Robuster parsing and allow reading from a file-object#2
Robuster parsing and allow reading from a file-object#2jampekka wants to merge 2 commits intostatfi:masterfrom
Conversation
Split by ';' honoring quotes instead of relying on ';\n' pattern
|
Ah, thank you very many. Could you perhaps attach a test file? Preferably multi lingual since that's what we have. I'd like to see how things differ with regards to my old implementation and this one. Also, it has been some time since I had to look at the metadata parts... |
|
Seems to work with eg. http://pxweb2.stat.fi/database/StatFin/asu/asas/010_asas_tau_101.px using eg. from px_reader import Px
from urllib2 import urlopen
px = Px(urlopen("http://pxweb2.stat.fi/database/StatFin/asu/asas/010_asas_tau_101.px"))

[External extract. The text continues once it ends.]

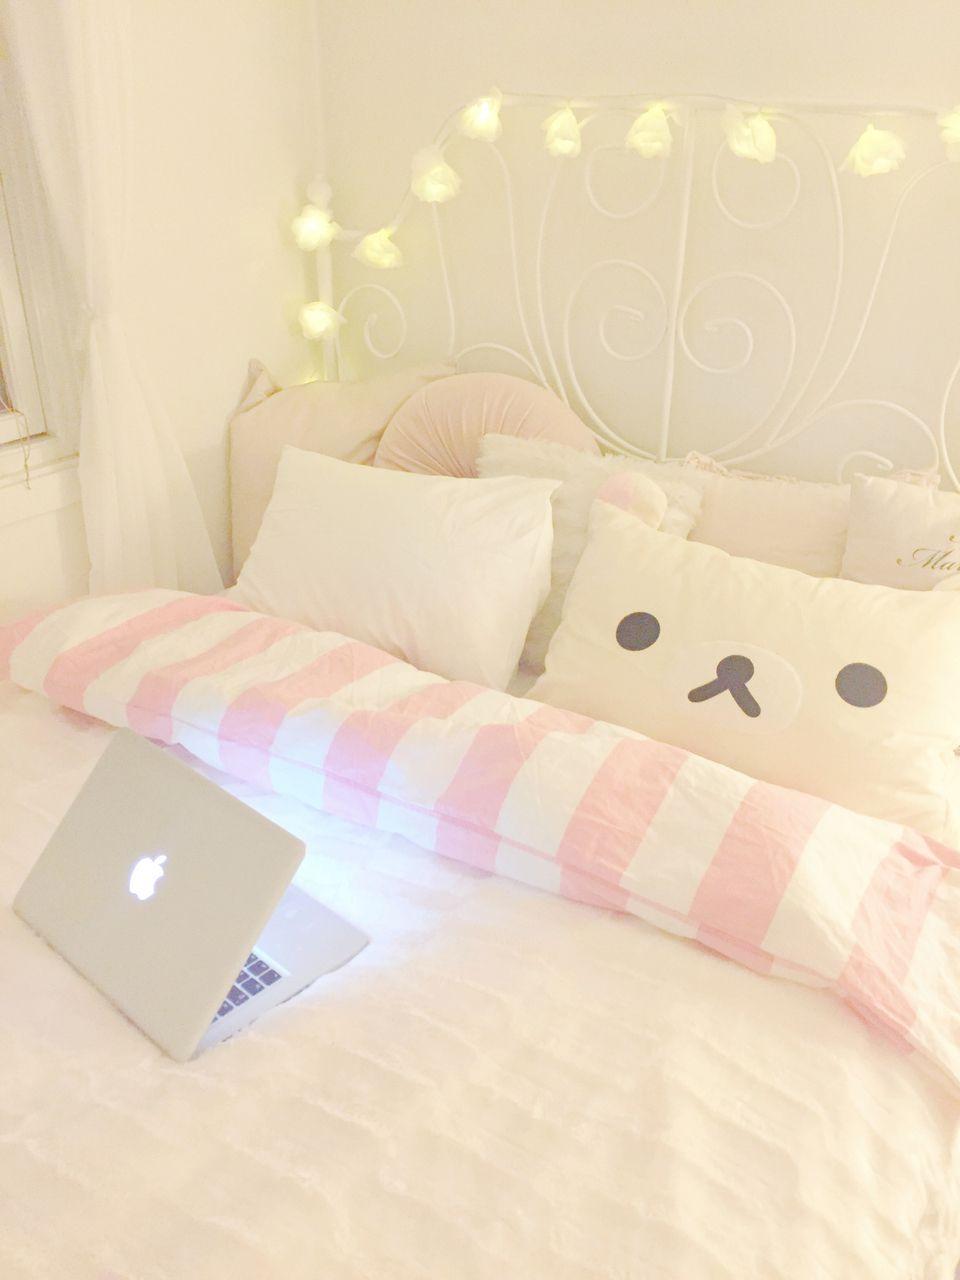 kawaii shop kawaii craft decoden pinterest schlafzimmer jugendzimmer und ideen. Black Bedroom Furniture Sets. Home Design Ideas

print(getattr(px, 'title[en]'))If I haven't gravely misunderstood something, this patch shouldn't really change anything in the logic. It just splits the lines on ";"-character instead of ";\n". I suspect that the semicolon is the proper delimiter of .px, although I haven't seen any specs. Also using ";\n" depends on universal newlines on DOS-files, which may be difficult with some file-objects (eg. ones from urlopen). |
|
I was thinking more along the lines of what can break the old version. Though I'am not entirely sure anymore why I went with line break. According to PX specs one should not use line breaks for syntax... Closest I have seen for a spec is this: Hopefully I get a chance to run this through Statfin data at the end of week. I'm in the middle of moving offices... |
|
A file with ";" without a newline or ";\n" in a quoted section would break the old implementation, although I haven't seen such files. What made me do the changes was reading the files with urlopen, for which assuring universal newlines is a bit of a chore, and the ';\n'-implementation breaks on DOS files as they will show up as ';\r\n' without the universal newlines support. |
Works in quick tests. May be marginally slower than the previous implementation, but the metadata shouldn't be too heavy for this.